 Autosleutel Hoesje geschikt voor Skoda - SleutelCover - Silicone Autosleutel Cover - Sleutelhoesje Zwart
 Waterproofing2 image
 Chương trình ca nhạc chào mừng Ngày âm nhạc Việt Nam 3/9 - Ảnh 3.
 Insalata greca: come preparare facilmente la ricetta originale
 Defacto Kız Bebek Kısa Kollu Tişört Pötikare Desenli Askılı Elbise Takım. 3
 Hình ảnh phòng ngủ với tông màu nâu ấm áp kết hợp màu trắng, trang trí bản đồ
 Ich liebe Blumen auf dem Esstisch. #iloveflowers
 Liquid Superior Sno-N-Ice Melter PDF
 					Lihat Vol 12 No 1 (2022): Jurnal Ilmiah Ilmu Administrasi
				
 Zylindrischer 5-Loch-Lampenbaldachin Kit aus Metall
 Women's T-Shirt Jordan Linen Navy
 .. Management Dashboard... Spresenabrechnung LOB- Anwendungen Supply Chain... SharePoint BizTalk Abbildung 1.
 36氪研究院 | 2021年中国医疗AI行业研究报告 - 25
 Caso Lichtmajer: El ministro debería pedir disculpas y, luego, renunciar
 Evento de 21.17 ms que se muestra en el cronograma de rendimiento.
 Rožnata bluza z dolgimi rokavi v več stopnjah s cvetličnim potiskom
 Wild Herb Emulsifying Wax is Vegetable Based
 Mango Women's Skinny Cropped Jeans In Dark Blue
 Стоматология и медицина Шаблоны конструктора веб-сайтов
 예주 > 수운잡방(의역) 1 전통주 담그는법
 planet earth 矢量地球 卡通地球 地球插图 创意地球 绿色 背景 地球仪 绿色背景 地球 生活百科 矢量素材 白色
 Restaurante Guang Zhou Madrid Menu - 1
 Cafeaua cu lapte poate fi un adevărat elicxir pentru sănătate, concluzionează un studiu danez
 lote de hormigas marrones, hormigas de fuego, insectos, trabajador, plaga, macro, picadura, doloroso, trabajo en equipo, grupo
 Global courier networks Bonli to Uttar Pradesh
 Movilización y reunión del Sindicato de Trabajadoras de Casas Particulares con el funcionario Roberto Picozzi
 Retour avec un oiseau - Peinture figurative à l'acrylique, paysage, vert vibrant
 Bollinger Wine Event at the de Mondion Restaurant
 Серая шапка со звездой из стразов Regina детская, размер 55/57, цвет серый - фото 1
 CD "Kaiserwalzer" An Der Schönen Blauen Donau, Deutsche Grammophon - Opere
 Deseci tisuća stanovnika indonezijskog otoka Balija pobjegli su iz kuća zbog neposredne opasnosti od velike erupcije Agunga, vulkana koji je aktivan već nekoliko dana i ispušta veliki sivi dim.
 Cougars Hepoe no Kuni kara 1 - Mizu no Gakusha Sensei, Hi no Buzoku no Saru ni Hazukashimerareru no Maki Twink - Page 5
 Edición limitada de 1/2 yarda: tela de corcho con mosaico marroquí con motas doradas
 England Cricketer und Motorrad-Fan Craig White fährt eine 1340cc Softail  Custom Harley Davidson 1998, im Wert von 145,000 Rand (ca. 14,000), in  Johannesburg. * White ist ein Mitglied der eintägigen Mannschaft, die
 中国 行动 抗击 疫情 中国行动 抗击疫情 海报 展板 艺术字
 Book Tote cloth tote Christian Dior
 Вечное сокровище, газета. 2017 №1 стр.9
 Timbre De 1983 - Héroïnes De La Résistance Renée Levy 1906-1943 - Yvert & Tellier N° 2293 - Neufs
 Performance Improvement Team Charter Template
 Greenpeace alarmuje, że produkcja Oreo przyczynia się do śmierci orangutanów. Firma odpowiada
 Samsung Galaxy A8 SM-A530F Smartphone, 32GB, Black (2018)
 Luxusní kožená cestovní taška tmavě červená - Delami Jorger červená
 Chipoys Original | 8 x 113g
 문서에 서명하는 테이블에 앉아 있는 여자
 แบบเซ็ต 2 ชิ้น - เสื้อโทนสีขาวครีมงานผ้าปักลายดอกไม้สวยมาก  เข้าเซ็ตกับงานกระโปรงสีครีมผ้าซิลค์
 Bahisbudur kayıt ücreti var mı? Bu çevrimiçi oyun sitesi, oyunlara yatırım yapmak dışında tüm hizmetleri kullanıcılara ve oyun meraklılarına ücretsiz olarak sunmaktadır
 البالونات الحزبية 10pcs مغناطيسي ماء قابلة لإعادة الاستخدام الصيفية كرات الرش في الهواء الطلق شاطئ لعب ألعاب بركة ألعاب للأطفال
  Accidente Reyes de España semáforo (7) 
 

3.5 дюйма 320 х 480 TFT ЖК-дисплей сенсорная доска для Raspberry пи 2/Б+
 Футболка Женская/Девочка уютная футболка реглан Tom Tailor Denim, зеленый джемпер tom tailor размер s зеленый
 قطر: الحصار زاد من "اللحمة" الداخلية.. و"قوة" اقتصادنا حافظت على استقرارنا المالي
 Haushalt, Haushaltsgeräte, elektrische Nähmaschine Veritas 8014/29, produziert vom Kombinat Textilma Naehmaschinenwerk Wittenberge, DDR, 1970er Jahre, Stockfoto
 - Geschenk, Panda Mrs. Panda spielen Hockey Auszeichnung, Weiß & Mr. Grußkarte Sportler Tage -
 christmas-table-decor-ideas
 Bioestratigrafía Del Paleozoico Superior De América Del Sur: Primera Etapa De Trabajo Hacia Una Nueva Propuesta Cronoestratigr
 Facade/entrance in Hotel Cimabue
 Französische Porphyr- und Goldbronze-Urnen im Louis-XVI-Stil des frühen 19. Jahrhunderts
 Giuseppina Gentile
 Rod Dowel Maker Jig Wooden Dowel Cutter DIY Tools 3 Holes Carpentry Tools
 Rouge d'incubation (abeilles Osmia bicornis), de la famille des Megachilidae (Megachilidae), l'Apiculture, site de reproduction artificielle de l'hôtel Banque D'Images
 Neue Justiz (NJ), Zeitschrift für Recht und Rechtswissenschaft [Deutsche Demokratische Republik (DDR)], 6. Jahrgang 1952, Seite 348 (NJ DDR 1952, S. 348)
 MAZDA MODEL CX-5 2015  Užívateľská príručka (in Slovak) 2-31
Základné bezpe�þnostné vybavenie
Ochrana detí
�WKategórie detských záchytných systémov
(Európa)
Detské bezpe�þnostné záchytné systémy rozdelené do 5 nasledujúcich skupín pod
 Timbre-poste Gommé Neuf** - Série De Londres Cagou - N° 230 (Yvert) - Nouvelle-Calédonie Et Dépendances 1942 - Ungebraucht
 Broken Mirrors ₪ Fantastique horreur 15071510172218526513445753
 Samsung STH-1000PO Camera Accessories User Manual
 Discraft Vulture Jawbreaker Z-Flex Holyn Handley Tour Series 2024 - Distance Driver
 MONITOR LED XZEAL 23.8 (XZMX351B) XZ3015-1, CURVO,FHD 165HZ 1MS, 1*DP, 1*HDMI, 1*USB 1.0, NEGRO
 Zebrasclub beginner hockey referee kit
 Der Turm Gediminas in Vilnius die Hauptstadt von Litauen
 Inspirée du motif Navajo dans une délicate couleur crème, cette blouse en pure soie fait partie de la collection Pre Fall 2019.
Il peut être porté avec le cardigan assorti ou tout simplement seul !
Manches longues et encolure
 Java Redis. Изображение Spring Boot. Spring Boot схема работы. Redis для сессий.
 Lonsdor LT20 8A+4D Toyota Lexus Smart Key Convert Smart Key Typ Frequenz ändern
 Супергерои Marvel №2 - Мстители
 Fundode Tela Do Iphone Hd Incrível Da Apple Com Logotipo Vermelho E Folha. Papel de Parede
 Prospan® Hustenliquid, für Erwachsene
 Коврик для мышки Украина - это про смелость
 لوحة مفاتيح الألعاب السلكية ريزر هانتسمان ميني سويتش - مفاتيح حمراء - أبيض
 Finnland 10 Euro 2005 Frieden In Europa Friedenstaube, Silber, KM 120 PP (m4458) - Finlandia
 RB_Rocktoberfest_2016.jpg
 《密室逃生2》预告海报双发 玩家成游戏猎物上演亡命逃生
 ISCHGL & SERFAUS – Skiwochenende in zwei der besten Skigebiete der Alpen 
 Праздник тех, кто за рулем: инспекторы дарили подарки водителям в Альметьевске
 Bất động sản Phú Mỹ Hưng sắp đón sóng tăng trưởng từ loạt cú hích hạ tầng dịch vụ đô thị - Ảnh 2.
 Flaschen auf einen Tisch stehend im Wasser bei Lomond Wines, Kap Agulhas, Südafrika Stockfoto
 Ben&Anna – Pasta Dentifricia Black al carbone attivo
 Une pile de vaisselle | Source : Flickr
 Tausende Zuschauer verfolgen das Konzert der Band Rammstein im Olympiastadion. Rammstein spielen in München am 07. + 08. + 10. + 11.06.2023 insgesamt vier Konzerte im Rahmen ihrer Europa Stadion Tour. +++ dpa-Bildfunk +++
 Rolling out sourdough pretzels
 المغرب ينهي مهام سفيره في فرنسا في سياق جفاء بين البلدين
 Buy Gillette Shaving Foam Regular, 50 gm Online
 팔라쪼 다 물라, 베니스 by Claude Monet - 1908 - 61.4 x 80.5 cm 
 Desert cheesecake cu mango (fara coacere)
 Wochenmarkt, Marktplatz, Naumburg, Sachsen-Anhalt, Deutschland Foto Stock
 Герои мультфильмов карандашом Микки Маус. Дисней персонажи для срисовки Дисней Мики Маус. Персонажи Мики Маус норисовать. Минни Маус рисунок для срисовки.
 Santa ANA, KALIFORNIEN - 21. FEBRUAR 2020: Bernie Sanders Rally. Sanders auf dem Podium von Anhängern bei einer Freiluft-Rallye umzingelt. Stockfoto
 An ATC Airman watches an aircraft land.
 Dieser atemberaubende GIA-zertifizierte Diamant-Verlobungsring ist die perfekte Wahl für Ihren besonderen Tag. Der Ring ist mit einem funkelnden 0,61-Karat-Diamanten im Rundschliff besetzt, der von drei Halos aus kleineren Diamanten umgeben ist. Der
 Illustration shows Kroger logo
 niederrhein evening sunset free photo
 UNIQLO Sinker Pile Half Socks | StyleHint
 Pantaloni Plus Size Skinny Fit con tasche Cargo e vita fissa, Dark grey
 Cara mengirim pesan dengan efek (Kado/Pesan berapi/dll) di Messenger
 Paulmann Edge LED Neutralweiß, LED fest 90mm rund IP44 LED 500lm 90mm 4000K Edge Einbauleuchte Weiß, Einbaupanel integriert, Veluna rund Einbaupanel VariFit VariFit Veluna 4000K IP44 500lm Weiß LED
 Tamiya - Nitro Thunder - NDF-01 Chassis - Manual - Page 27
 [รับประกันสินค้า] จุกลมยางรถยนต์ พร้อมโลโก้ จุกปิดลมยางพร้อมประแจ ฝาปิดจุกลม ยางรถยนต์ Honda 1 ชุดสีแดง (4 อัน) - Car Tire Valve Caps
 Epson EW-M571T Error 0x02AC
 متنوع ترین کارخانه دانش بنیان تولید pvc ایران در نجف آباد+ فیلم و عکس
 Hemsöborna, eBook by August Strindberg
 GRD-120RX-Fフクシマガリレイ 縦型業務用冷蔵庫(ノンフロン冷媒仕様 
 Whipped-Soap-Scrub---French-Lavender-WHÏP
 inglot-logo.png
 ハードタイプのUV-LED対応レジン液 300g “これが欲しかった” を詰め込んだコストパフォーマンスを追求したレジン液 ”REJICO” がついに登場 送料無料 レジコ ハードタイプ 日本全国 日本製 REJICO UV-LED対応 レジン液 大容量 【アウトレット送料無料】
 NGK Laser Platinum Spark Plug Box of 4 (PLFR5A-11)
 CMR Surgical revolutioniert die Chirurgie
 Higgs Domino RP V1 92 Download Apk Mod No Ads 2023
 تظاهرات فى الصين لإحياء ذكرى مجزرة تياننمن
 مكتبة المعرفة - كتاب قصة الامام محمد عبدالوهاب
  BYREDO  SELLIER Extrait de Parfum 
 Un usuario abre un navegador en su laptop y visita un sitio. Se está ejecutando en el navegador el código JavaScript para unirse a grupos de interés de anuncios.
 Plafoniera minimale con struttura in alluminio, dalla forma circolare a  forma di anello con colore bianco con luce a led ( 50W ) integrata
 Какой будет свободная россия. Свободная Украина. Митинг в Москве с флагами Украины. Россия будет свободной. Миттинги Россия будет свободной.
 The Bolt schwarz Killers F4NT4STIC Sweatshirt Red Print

-.-.-

§ Task description: Retype only the lines above between the line with "Haushalt, Haushaltsgeräte, elektrische" and the line with "Rouge d'incubation (abeilles", counting those two lines as well, and keep every character as it is.

§ Answer to the problem:
 Haushalt, Haushaltsgeräte, elektrische Nähmaschine Veritas 8014/29, produziert vom Kombinat Textilma Naehmaschinenwerk Wittenberge, DDR, 1970er Jahre, Stockfoto
 - Geschenk, Panda Mrs. Panda spielen Hockey Auszeichnung, Weiß & Mr. Grußkarte Sportler Tage -
 christmas-table-decor-ideas
 Bioestratigrafía Del Paleozoico Superior De América Del Sur: Primera Etapa De Trabajo Hacia Una Nueva Propuesta Cronoestratigr
 Facade/entrance in Hotel Cimabue
 Französische Porphyr- und Goldbronze-Urnen im Louis-XVI-Stil des frühen 19. Jahrhunderts
 Giuseppina Gentile
 Rod Dowel Maker Jig Wooden Dowel Cutter DIY Tools 3 Holes Carpentry Tools
 Rouge d'incubation (abeilles Osmia bicornis), de la famille des Megachilidae (Megachilidae), l'Apiculture, site de reproduction artificielle de l'hôtel Banque D'Images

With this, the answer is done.